15th January 2008 Print
Lenders are increasing the cost of borrowing money by amounts that far outstrip the Bank of England’s base rate rises, according to new research from MoneyExpert.com.

The independent financial comparison website says that since November 2006 average loan rates have increased by more than the base rate across every single loan value threshold. The Bank of England base rate has risen from 5 per cent in November 2006 to 5.5 per cent now.

And MoneyExpert.com says this has affected people’s ability to repay their loans. New figures show that one in 50 adults – up to 926,000 people – have failed to make a payment on a personal loan in the six months to December 21st 2007 as their finances feel the strain of the rising cost of living.

People looking to borrow around £3,000 will be hardest hit, according to MoneyExpert.com. Its research shows that average rates on £3,000 loans have increased by a staggering 2.55 per cent from 12.35 per cent in November 2006 to 14.9 per cent now.

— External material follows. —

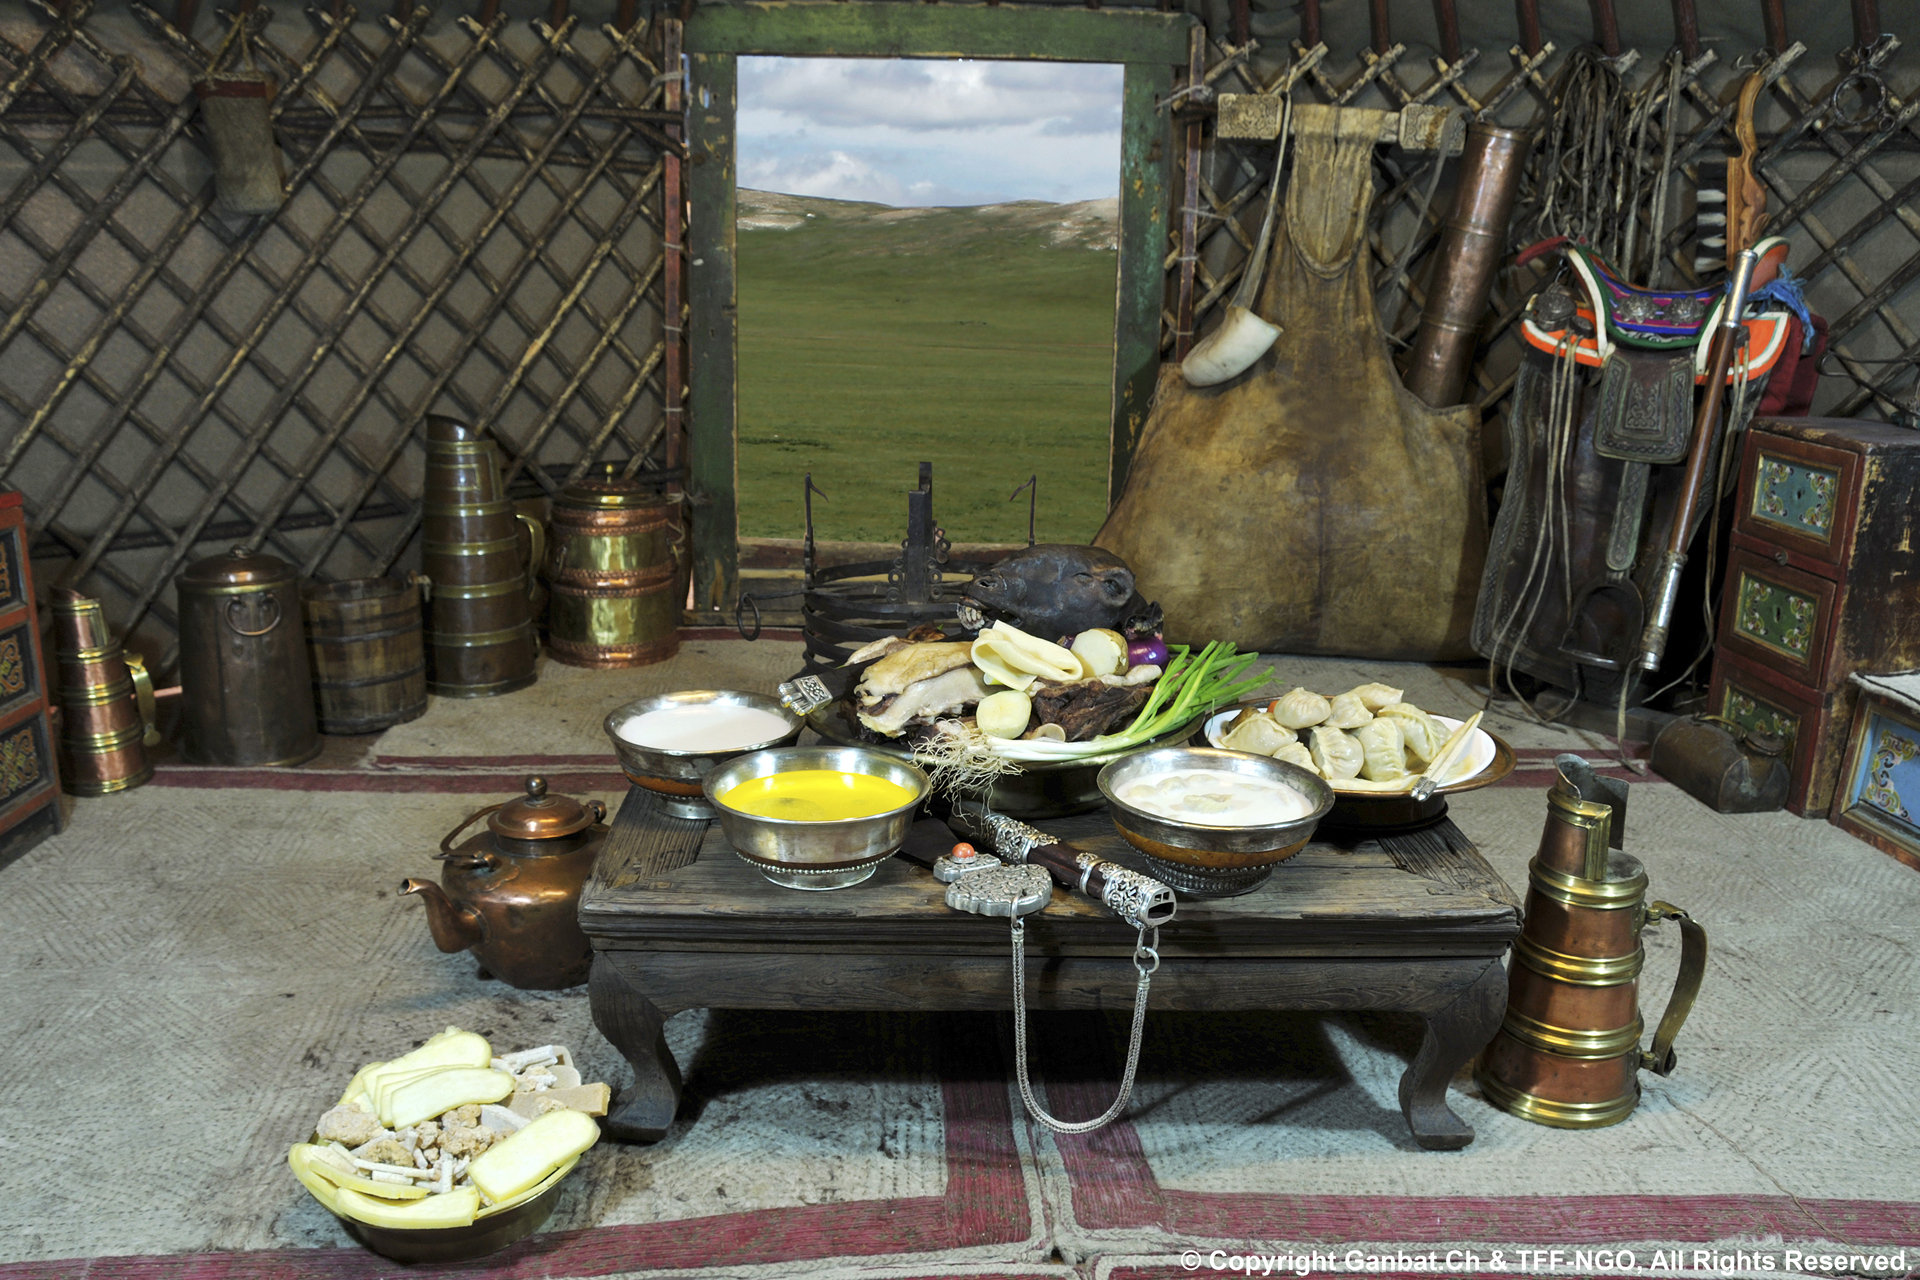 ancient mongolian food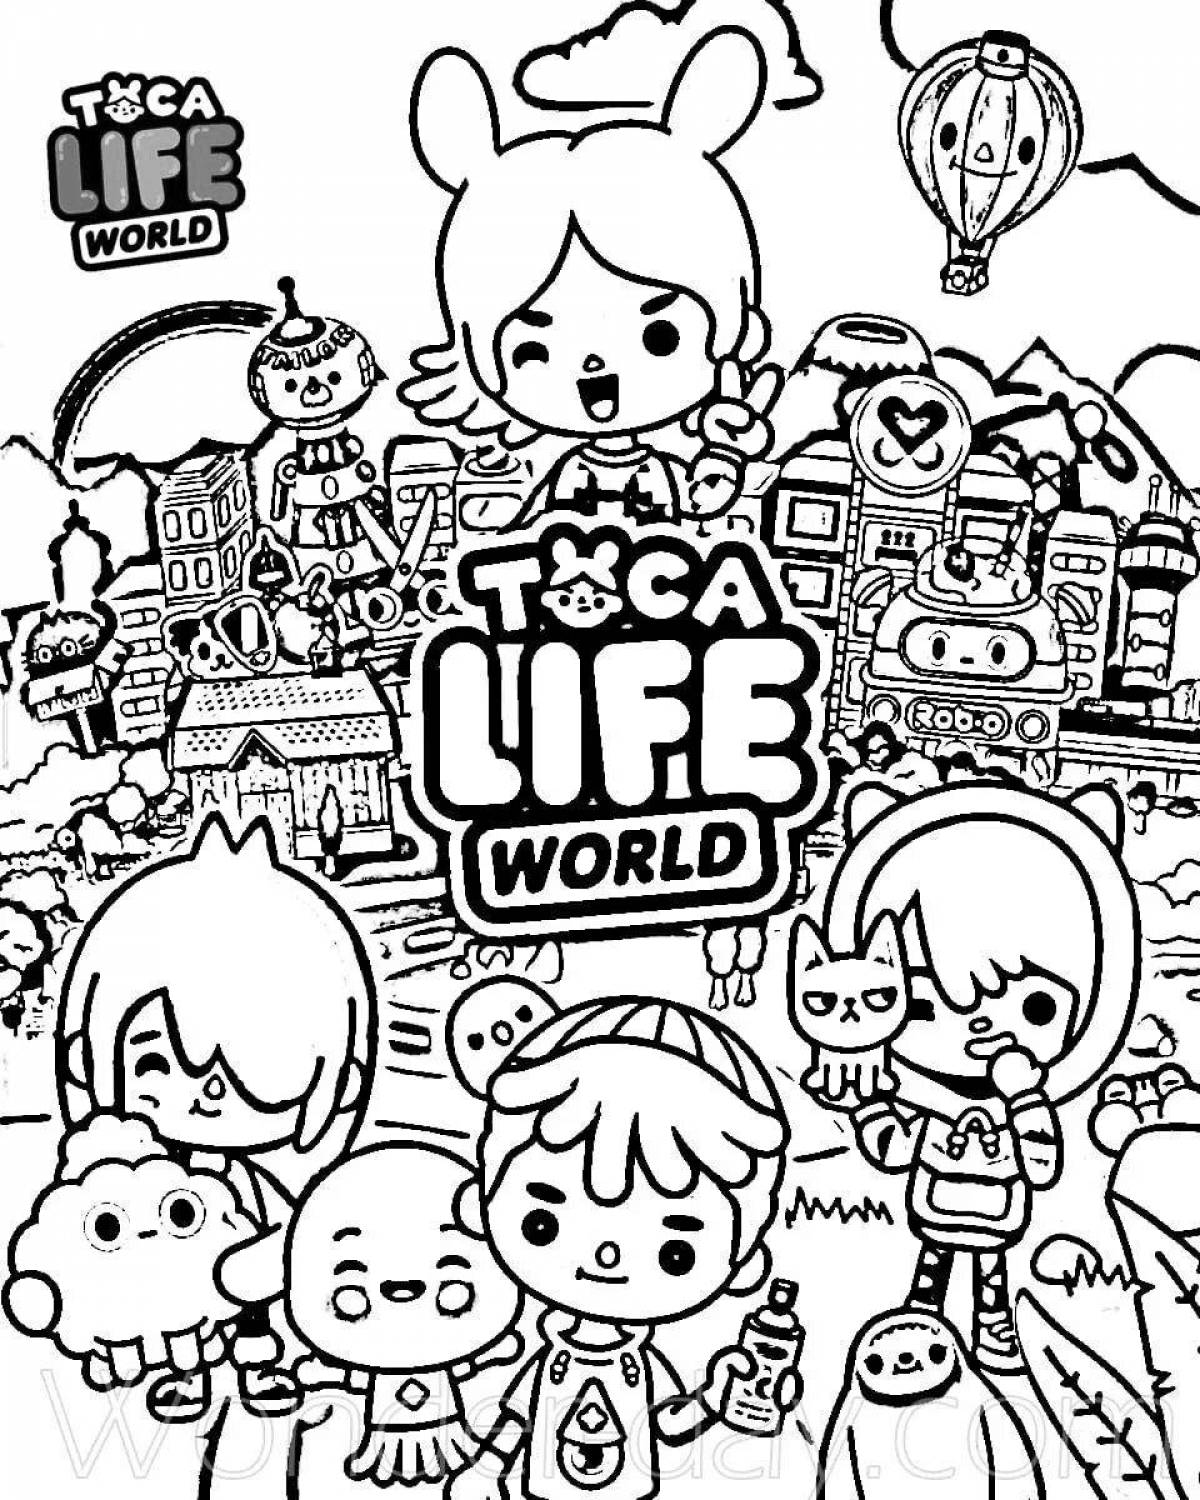 Toca life world #4

And even borrowers looking for larger loans – typically more attractive customers for lenders – haven’t escaped the price hikes. The interest rate on a typical £12,500 advance will cost 1.6 per cent more than it did just over a year ago, rising from an average 7.1 per cent to 8.78 per cent now.

Sean Gardner, Chief Executive of MoneyExpert.com, said: “With the cost of living on the increase the obvious thing to do for anyone feeling the strain is to borrow money to tide themselves over.

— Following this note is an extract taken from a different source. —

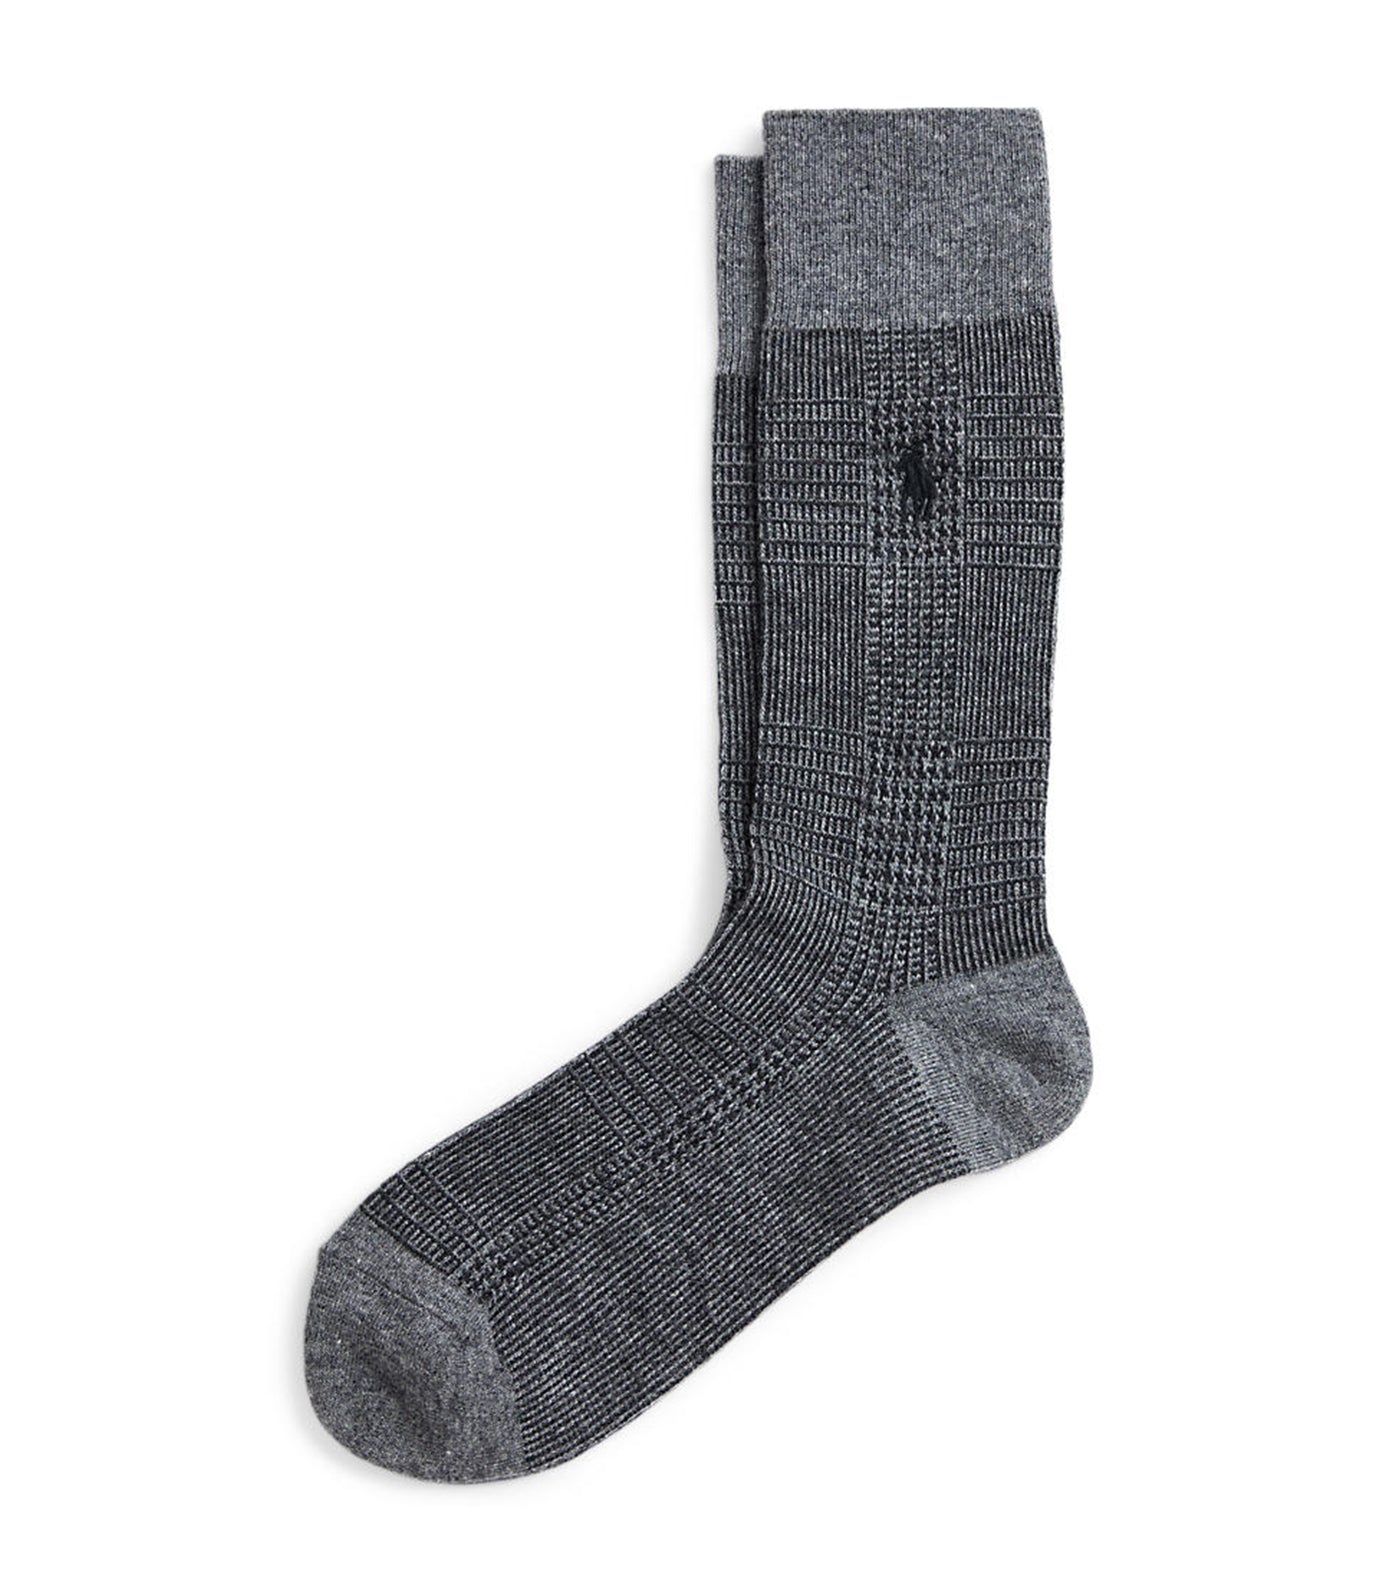 Men's Houndstooth Trouser Socks Foster Gray Heather

“But people who want to take out a loan to consolidate debts or to make a large purchase must be wary of the overall cost. A set of monthly payments may seem manageable but you always end up repaying much more than you borrow. The golden rule is only borrow what you are certain you can afford to repay.’”

MoneyExpert.com is warning that people classed as having poor credit records could suffer most – around 52 per cent of searches on the independent website in the last three months for loans of under £5,000 were by people regarded as having “adverse credit records”. The website says there are no guarantees that people who represent a risk to lenders will get the rate they see online or in advertisements.

The credit crunch has lead to lenders getting tougher on applications with rates rising and some firms such as LV=, GE Money and Leeds Building Society pulling out of the unsecured loans market entirely.

Sean Gardner added: “The unsecured loans market has always been extremely competitive, and there are still some good deals to be had. Paradoxically it is often the case that borrowing more will cost you comparatively less – but that’s not always true so people should research the market carefully.

“Also if you have a cloudy credit record then you need to be aware that the rates you see online or in advertisements aren’t necessarily the rate you will be offered when you apply for a loan. Frankly you could end up with a loan costing far more than what you had hoped – so don’t be caught unawares.”